EXERCISE INSTRUCTIONS: Please write out all of the data below exactly, without including the pictures.

DATA BELOW:
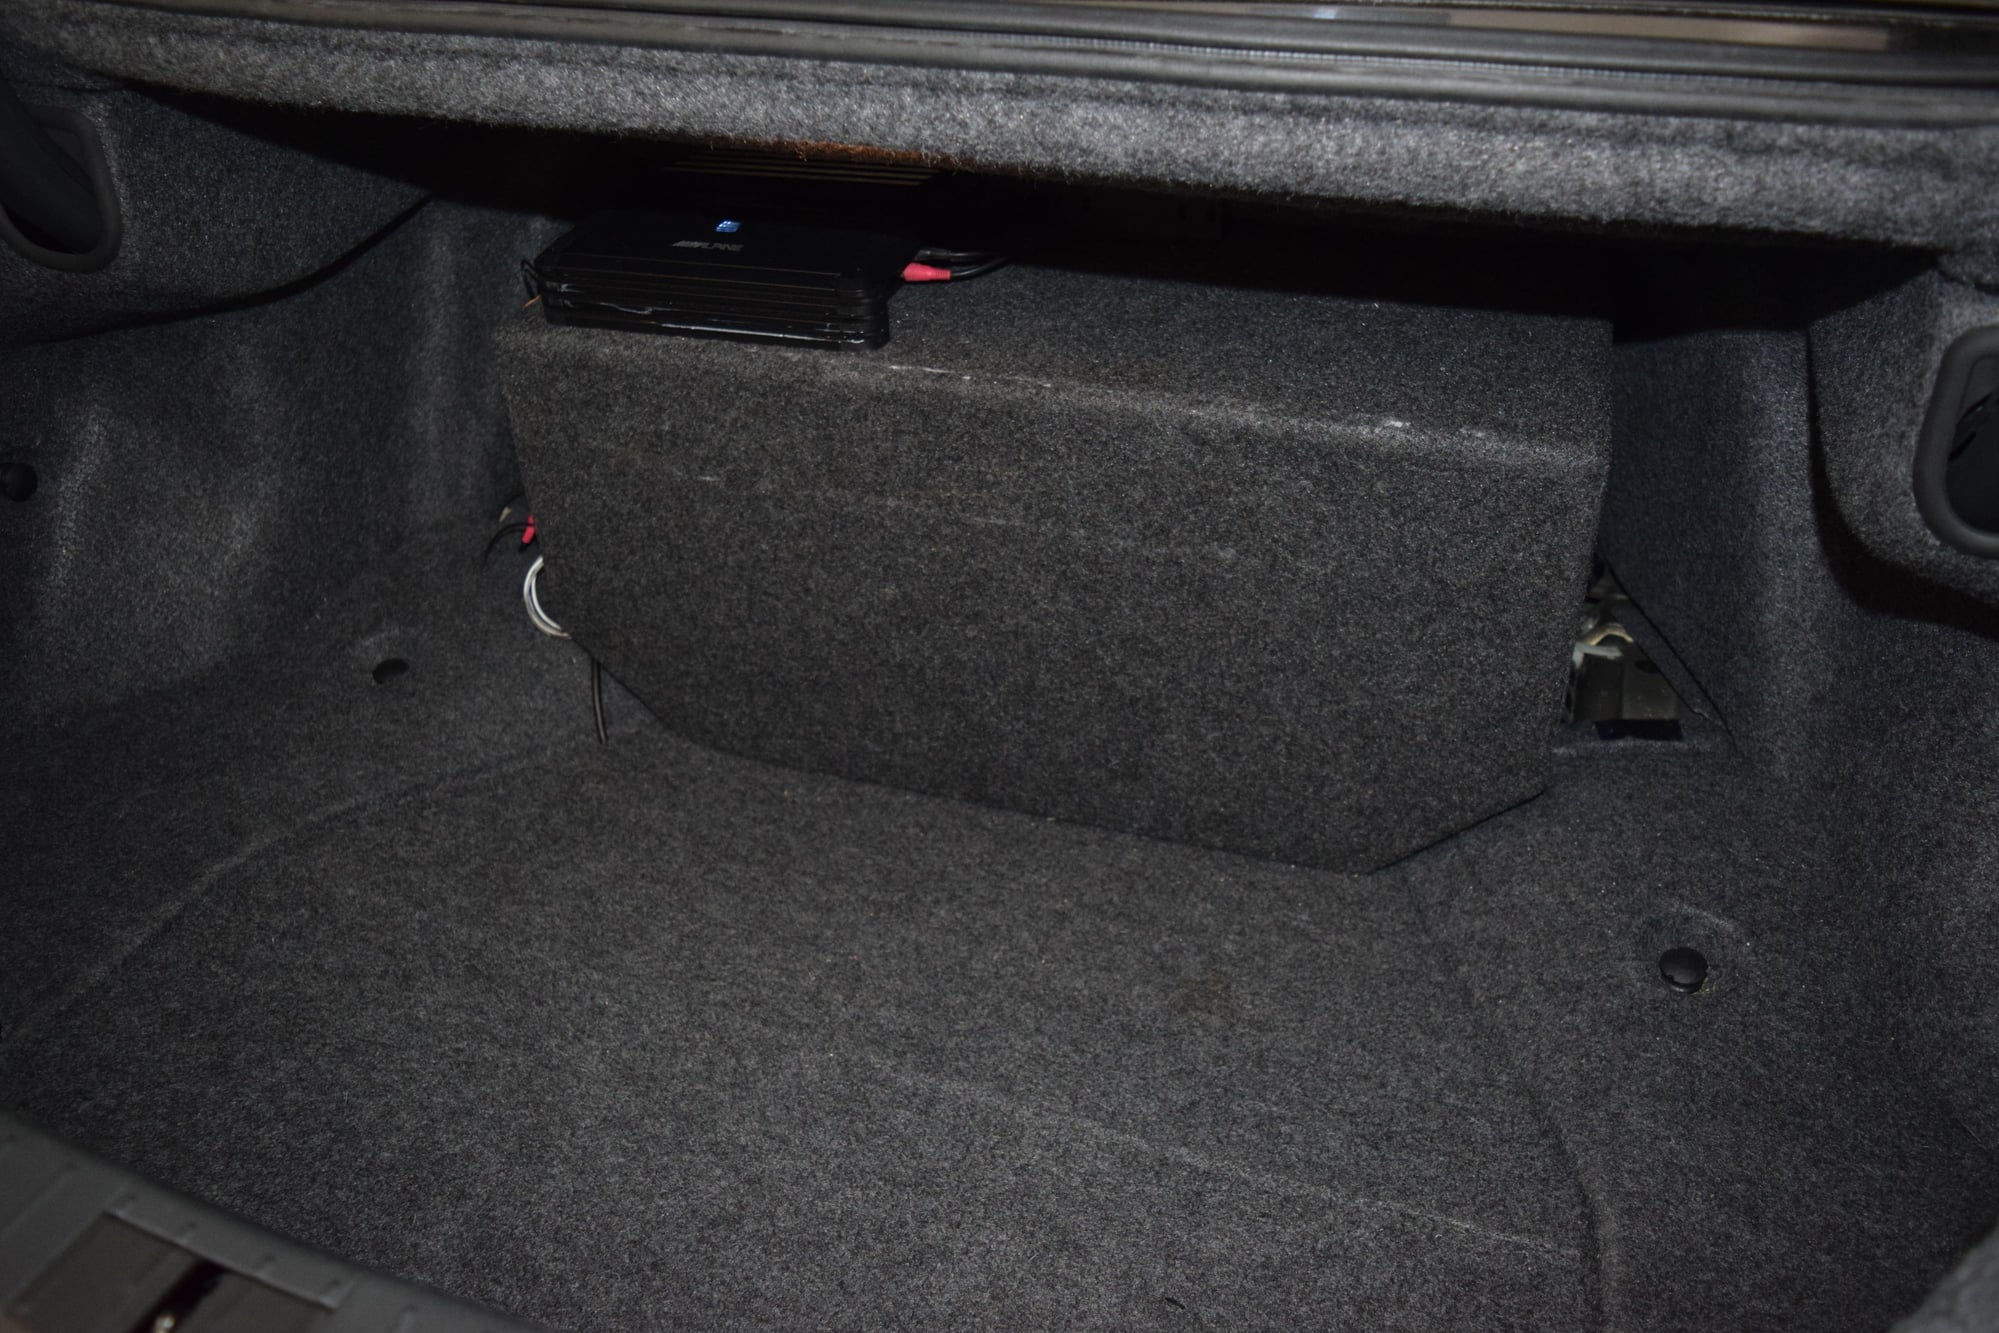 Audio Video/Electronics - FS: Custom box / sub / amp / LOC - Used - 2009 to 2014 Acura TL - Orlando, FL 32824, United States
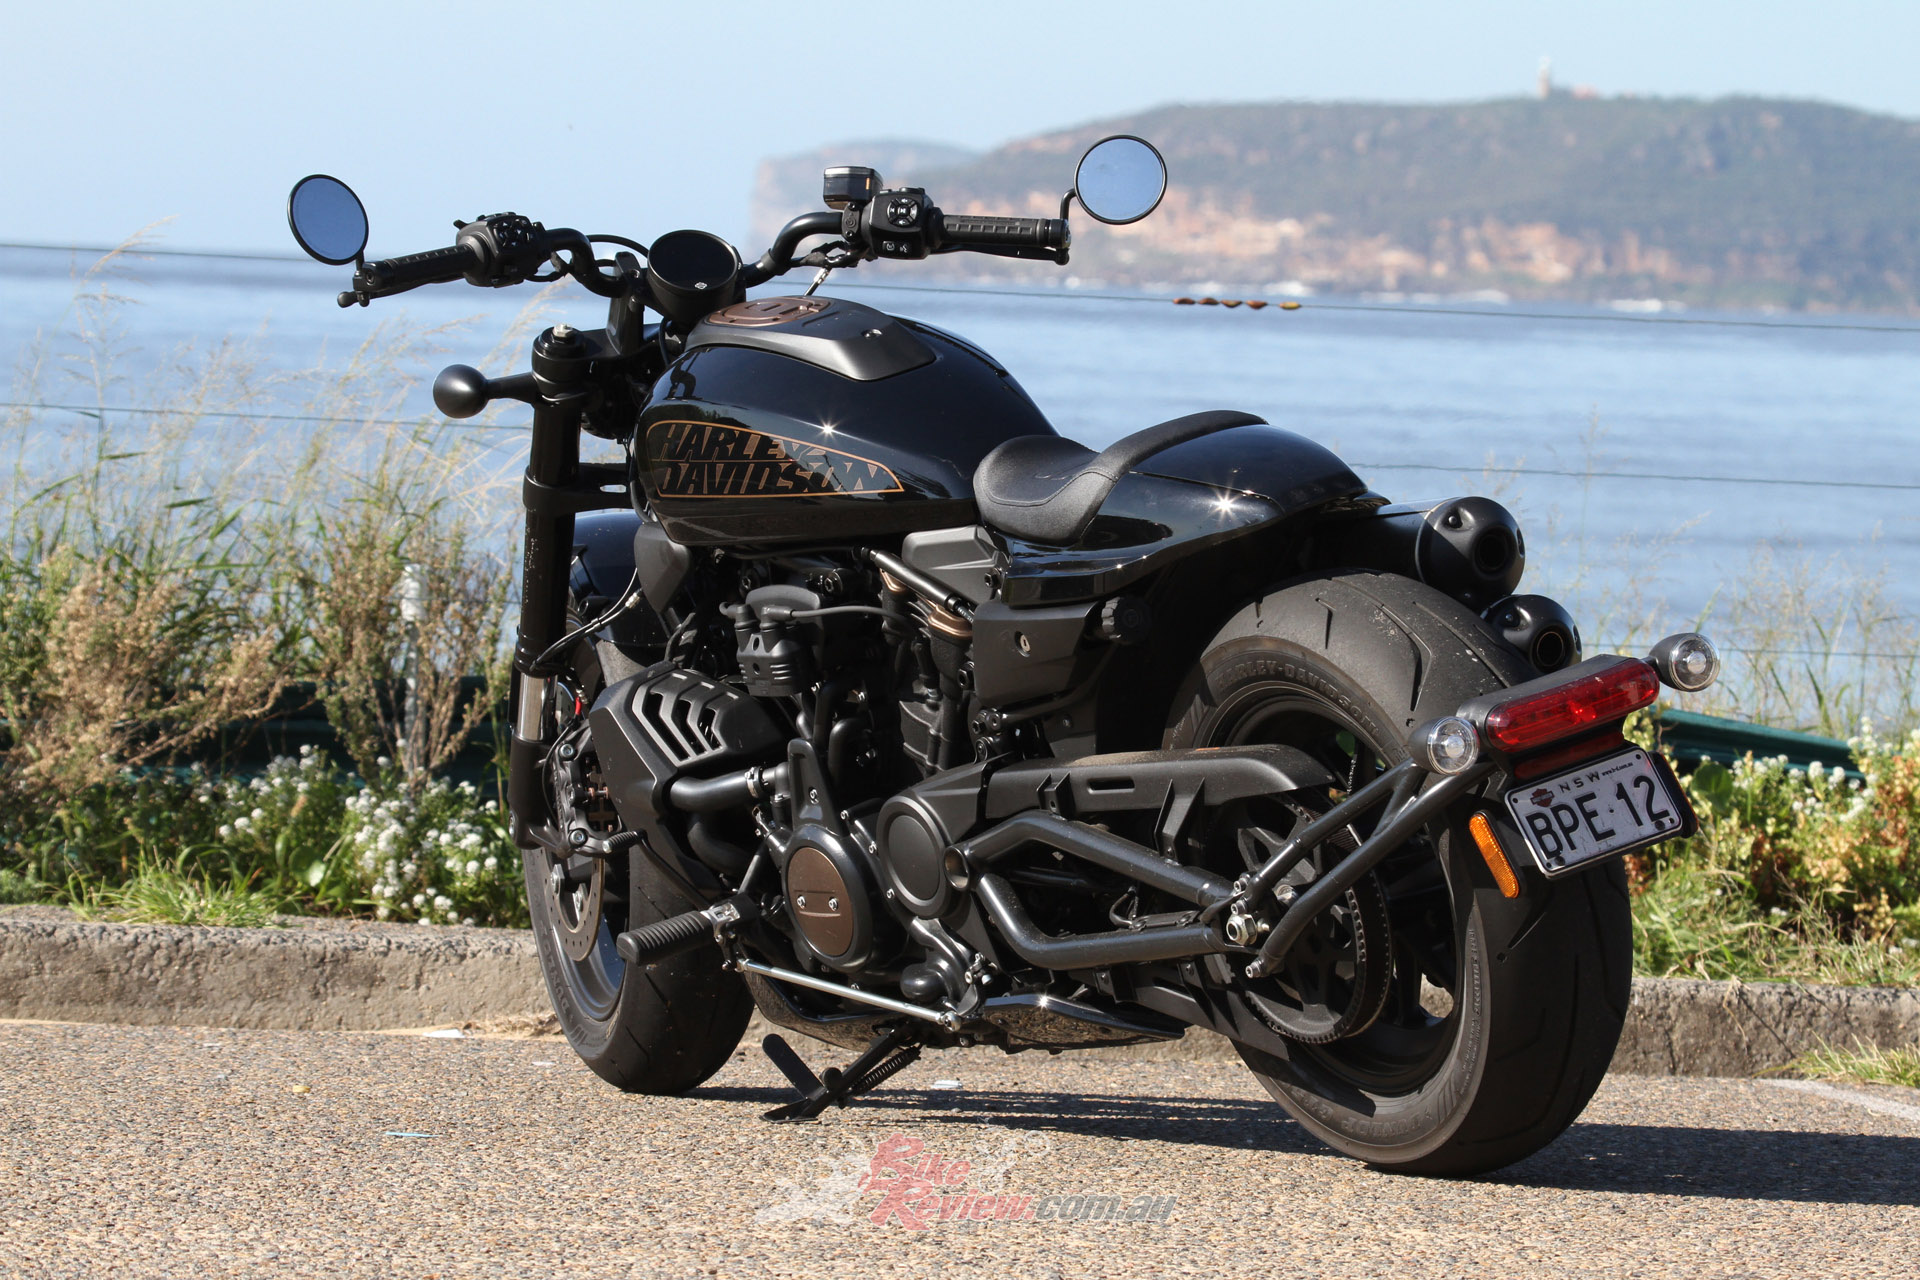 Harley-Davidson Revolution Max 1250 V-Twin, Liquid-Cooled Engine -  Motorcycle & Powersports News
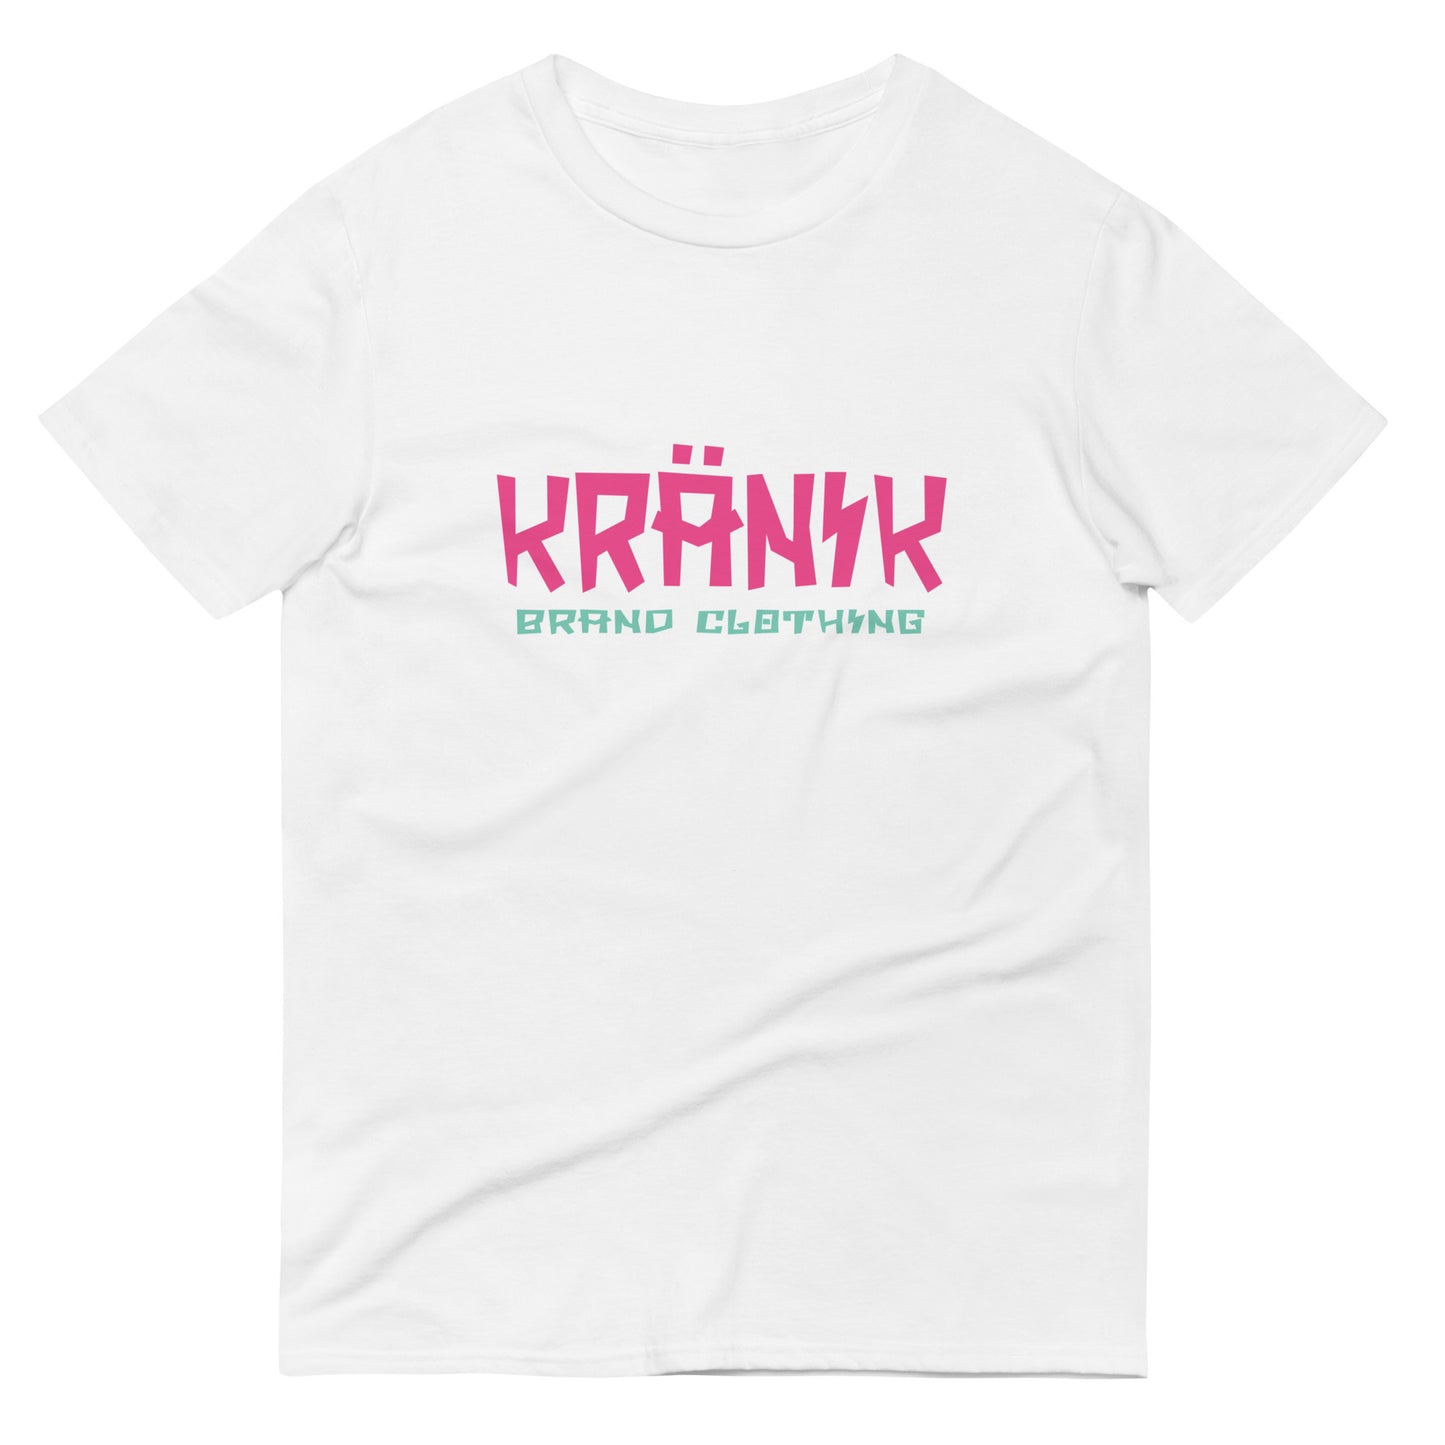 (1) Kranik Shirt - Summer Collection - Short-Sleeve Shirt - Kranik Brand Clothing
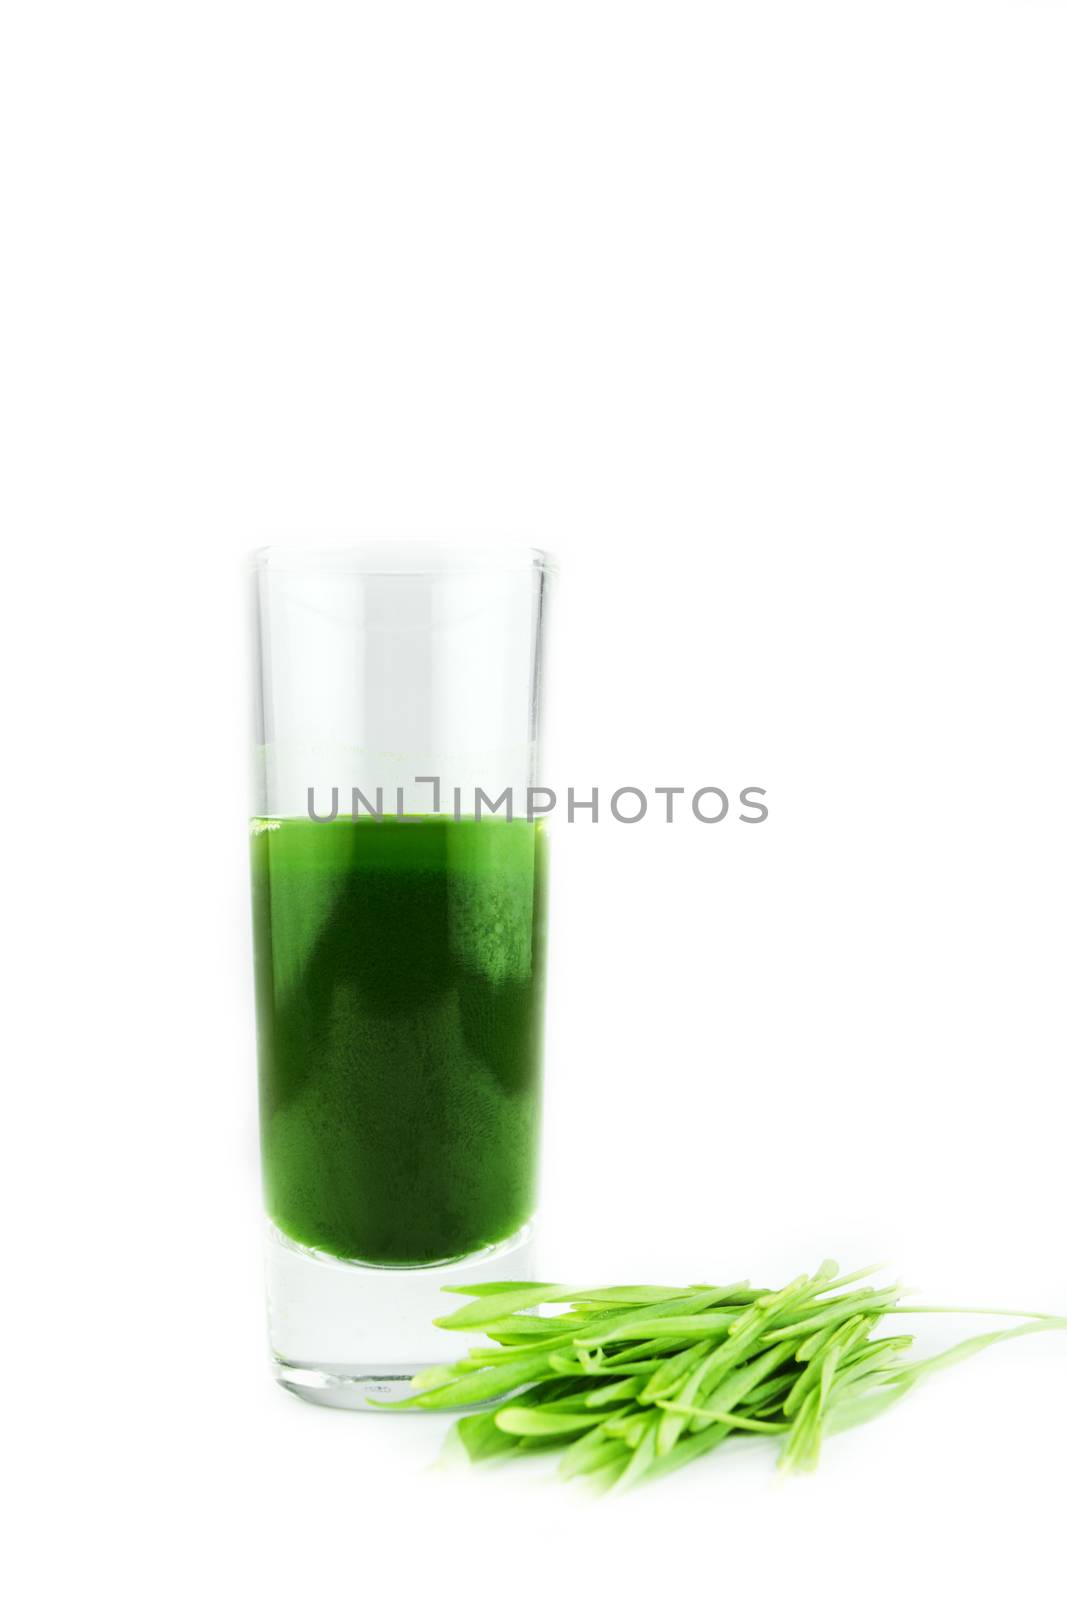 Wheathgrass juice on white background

EXERCISE ANSWER:
 Audio Video/Electronics - FS: Custom box / sub / amp / LOC - Used - 2009 to 2014 Acura TL - Orlando, FL 32824, United States
 Harley-Davidson Revolution Max 1250 V-Twin, Liquid-Cooled Engine -  Motorcycle & Powersports News
 (1) Kranik Shirt - Summer Collection - Short-Sleeve Shirt - Kranik Brand Clothing
 Wheathgrass juice on white background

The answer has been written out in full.